BEGIN INFORMATION SHOWN

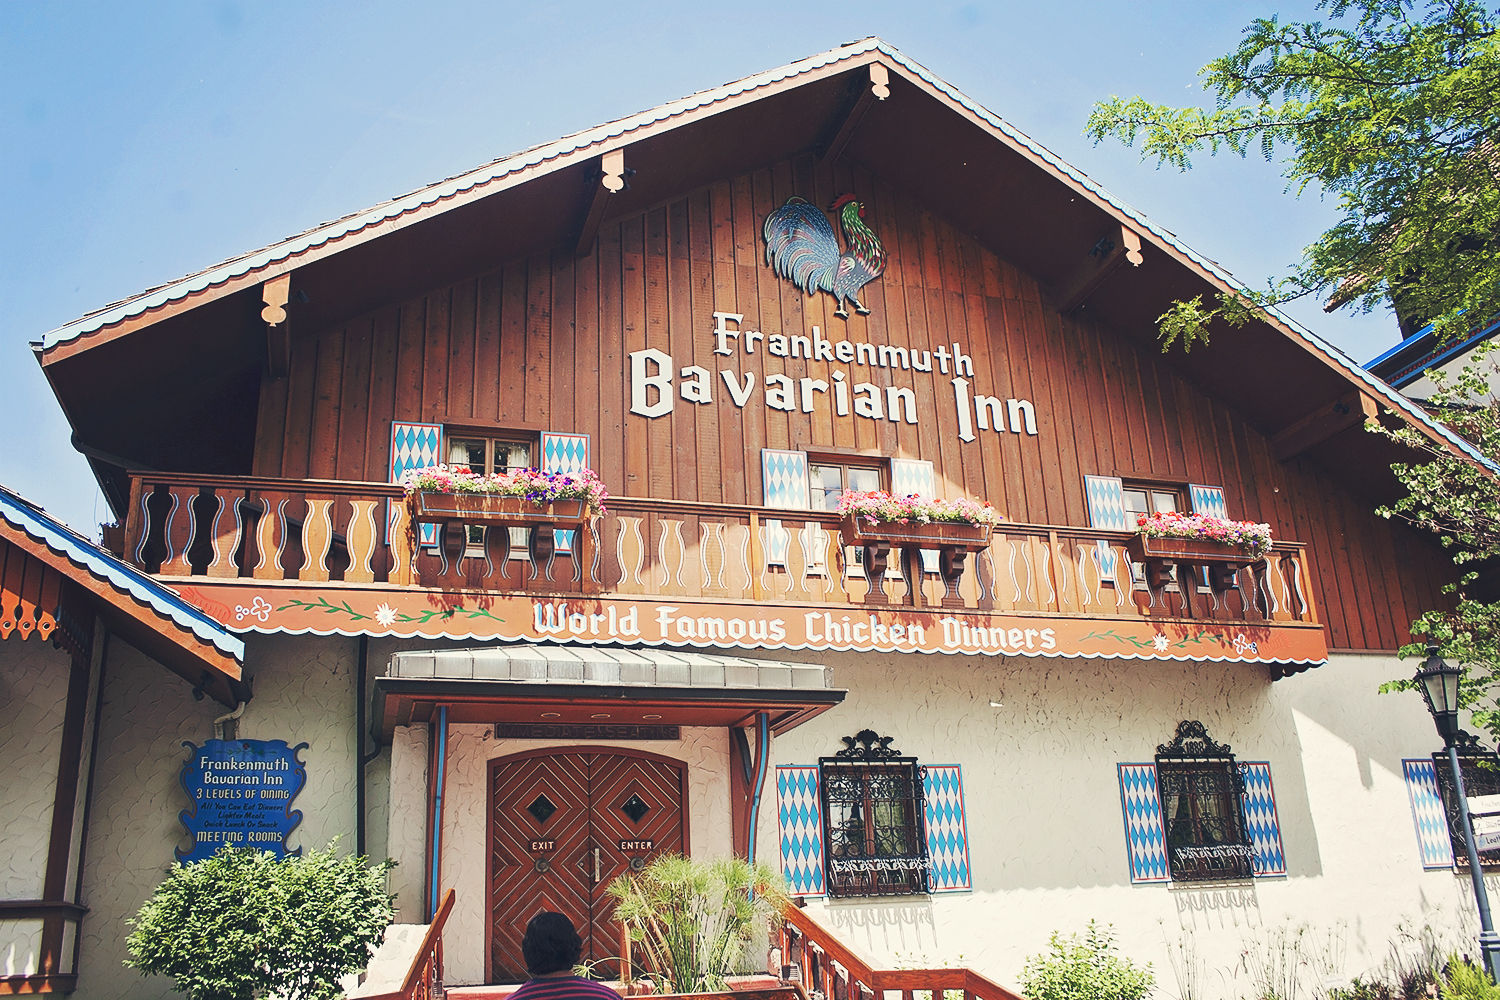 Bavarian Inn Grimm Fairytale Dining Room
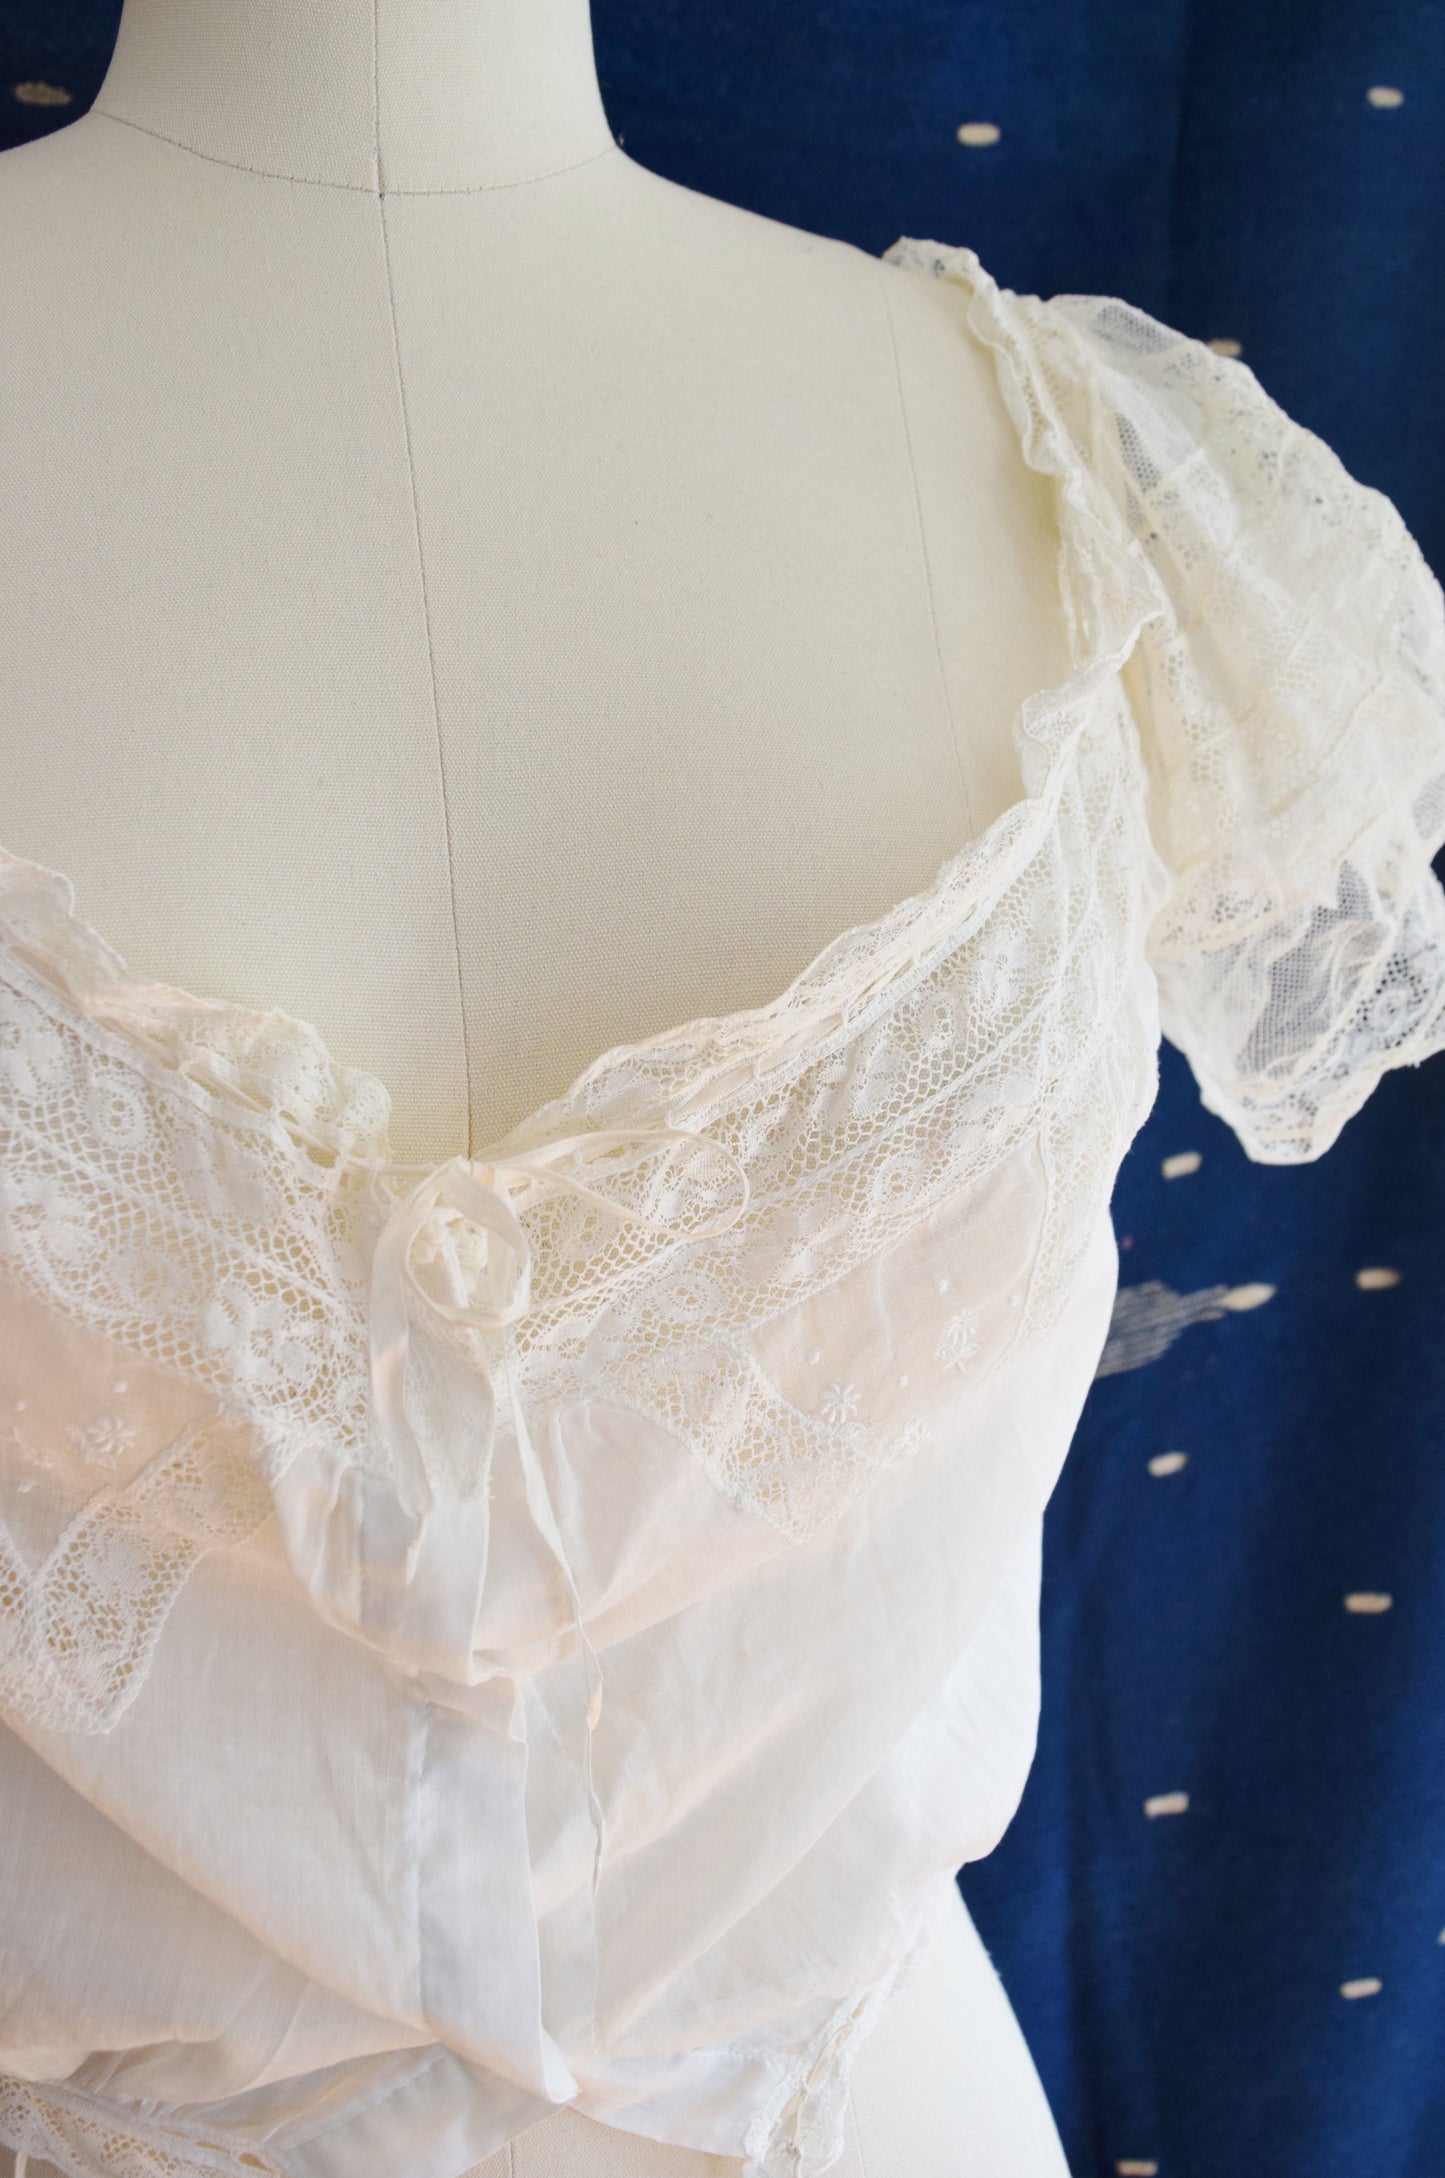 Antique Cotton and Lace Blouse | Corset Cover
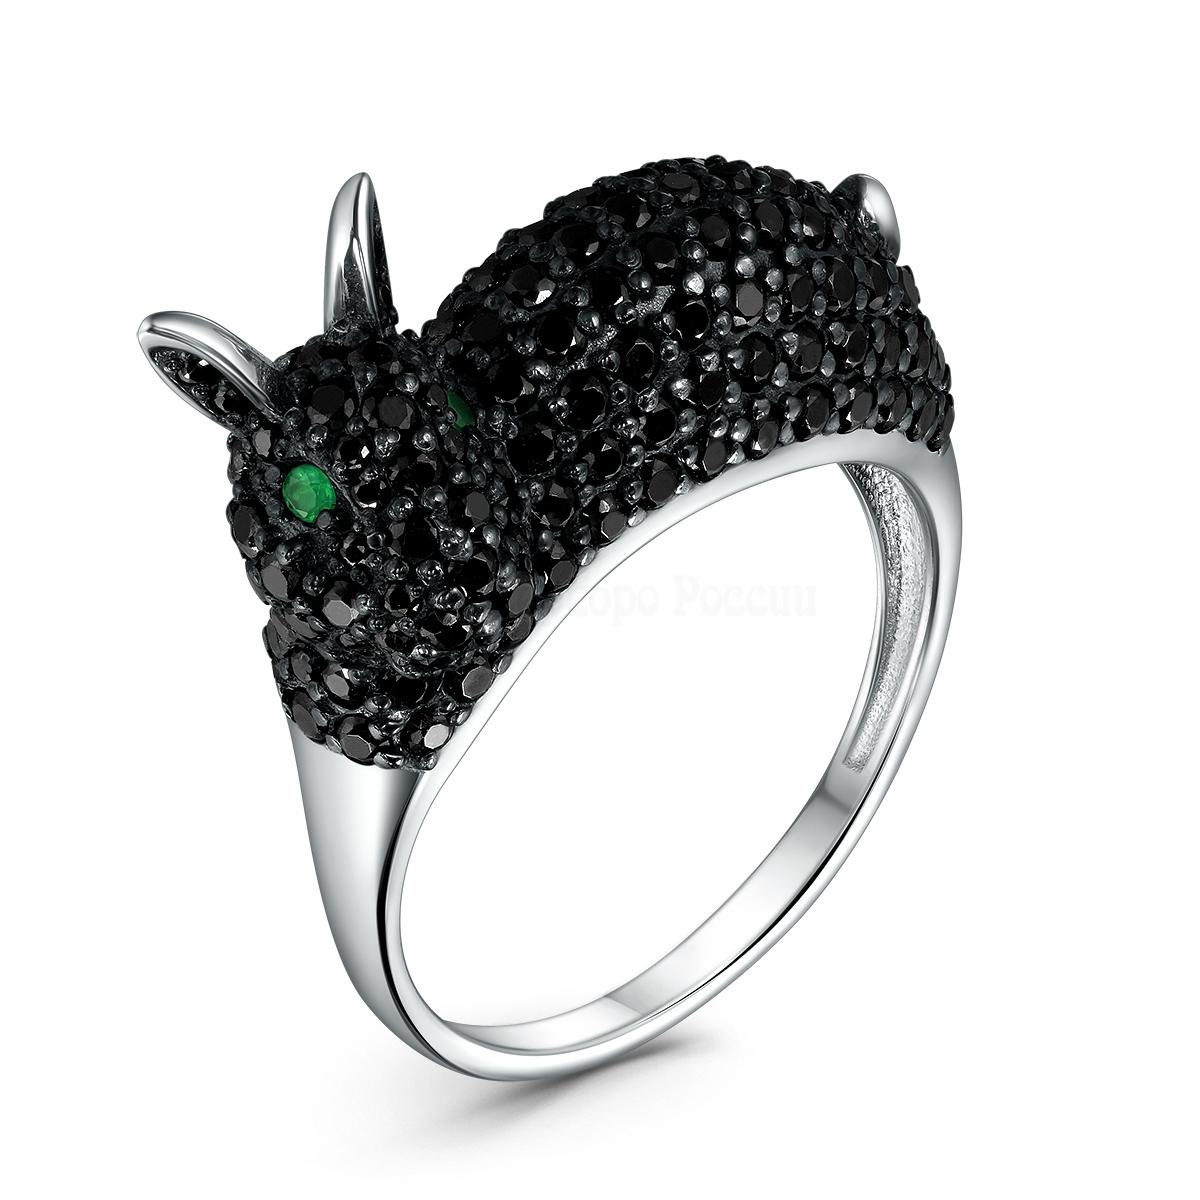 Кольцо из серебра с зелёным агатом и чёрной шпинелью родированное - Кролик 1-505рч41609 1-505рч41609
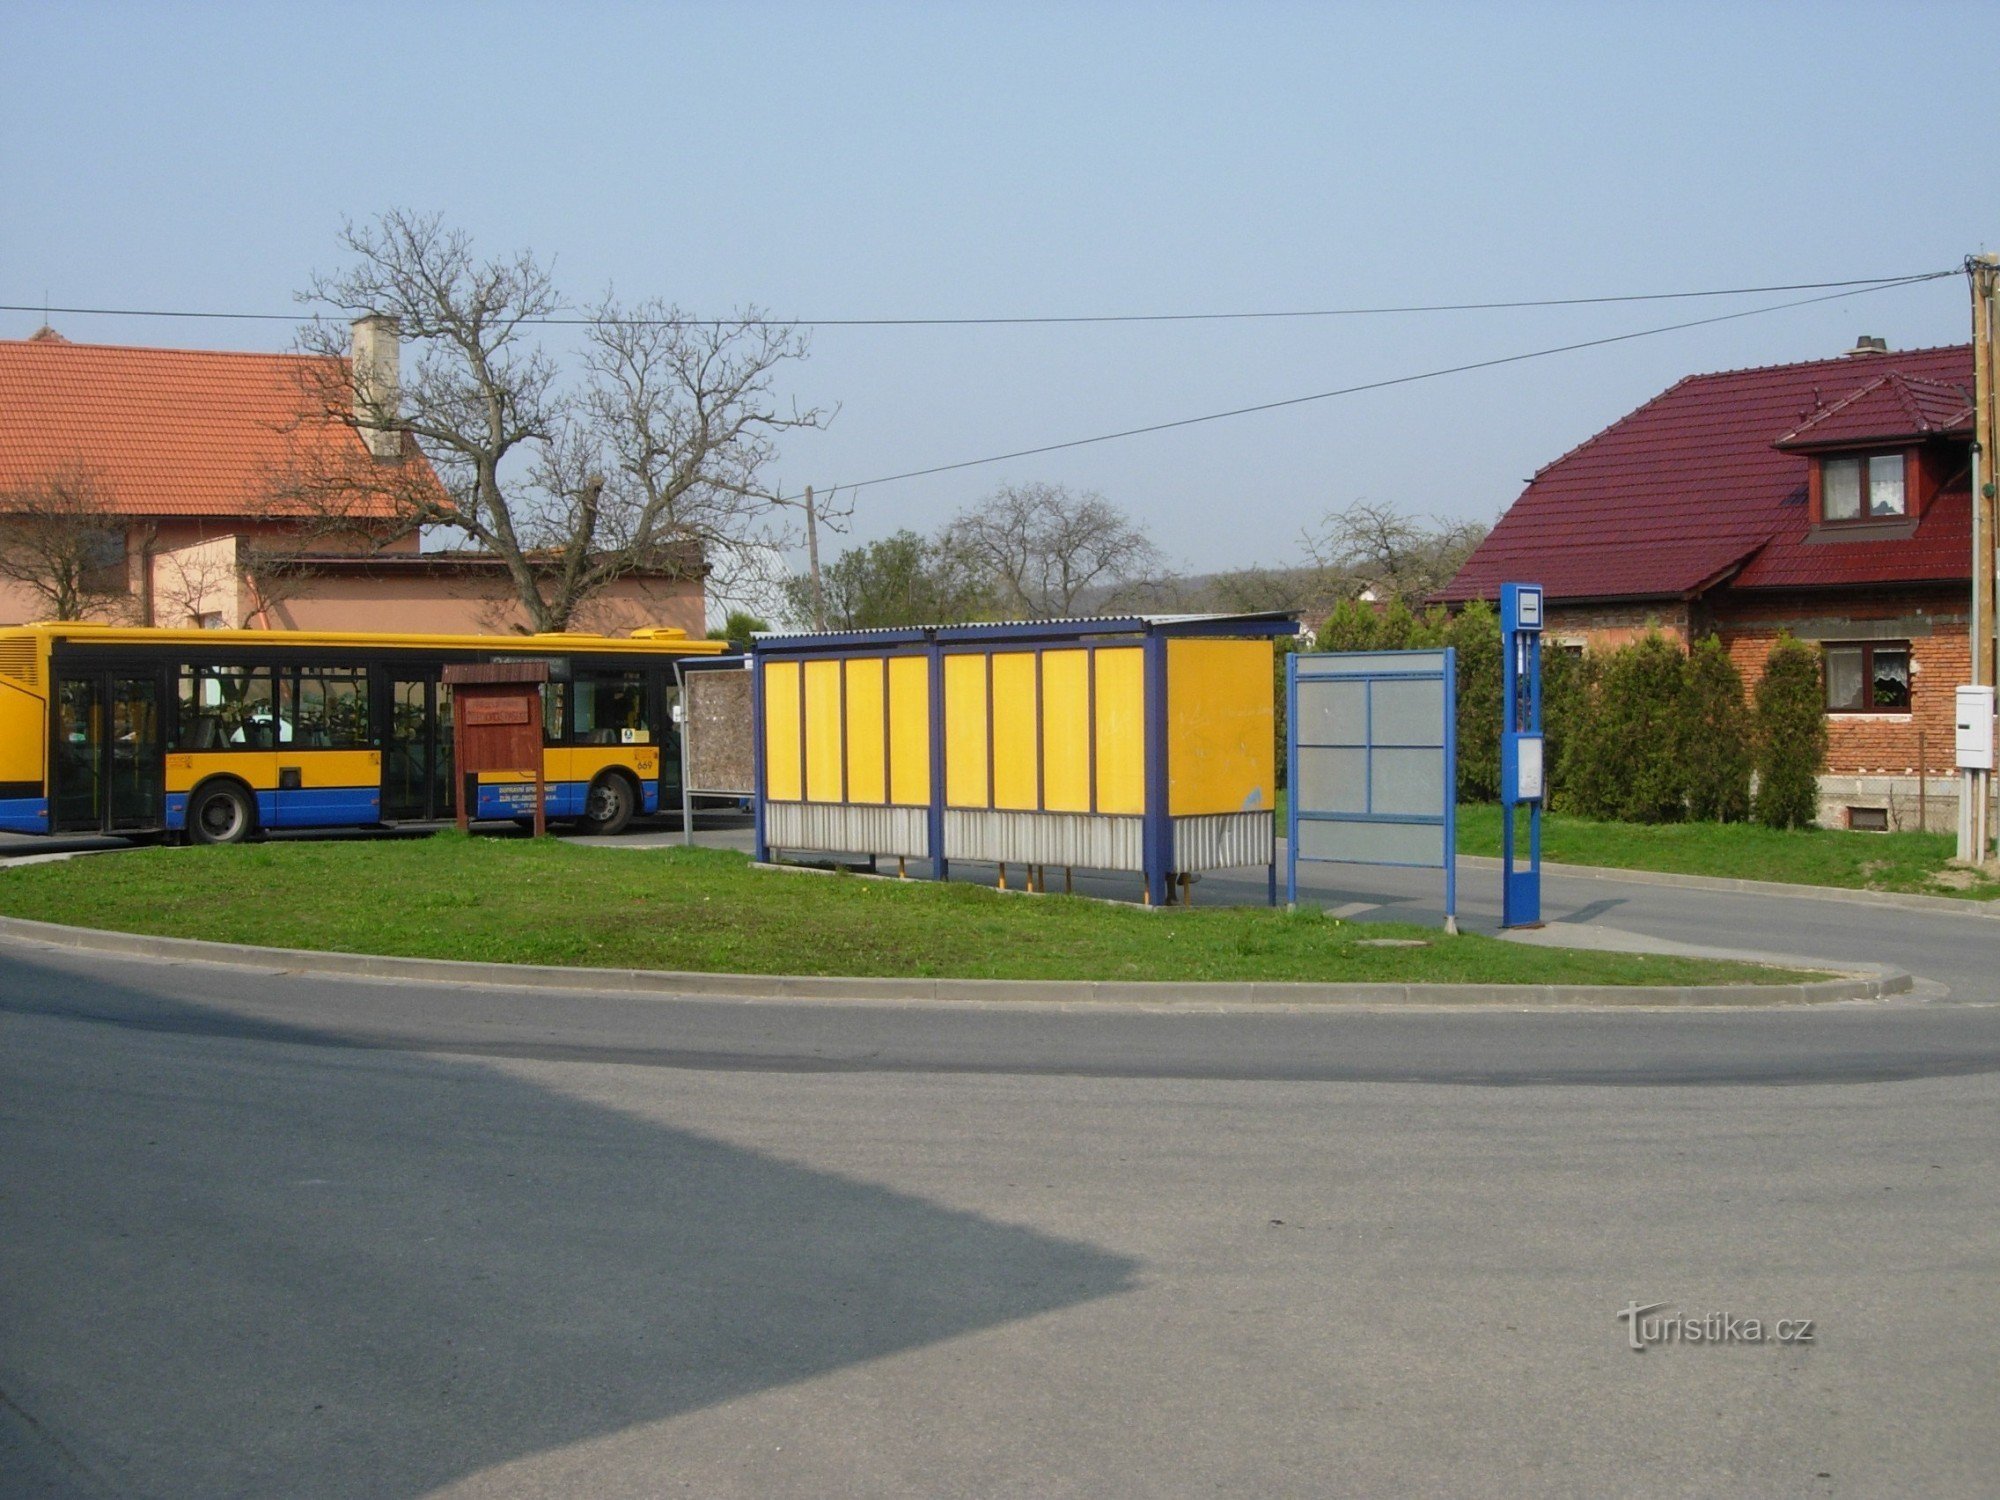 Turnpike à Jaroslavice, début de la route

END INFORMATION SHOWN

* [PROMPT] Return all of the data exactly as written, and drop the pictures.

* [ANSWER SECTION]
 Bavarian Inn Grimm Fairytale Dining Room
 Antique Cotton and Lace Blouse | Corset Cover
 Кольцо из серебра с зелёным агатом и чёрной шпинелью родированное - Кролик 1-505рч41609 1-505рч41609
 Turnpike à Jaroslavice, début de la route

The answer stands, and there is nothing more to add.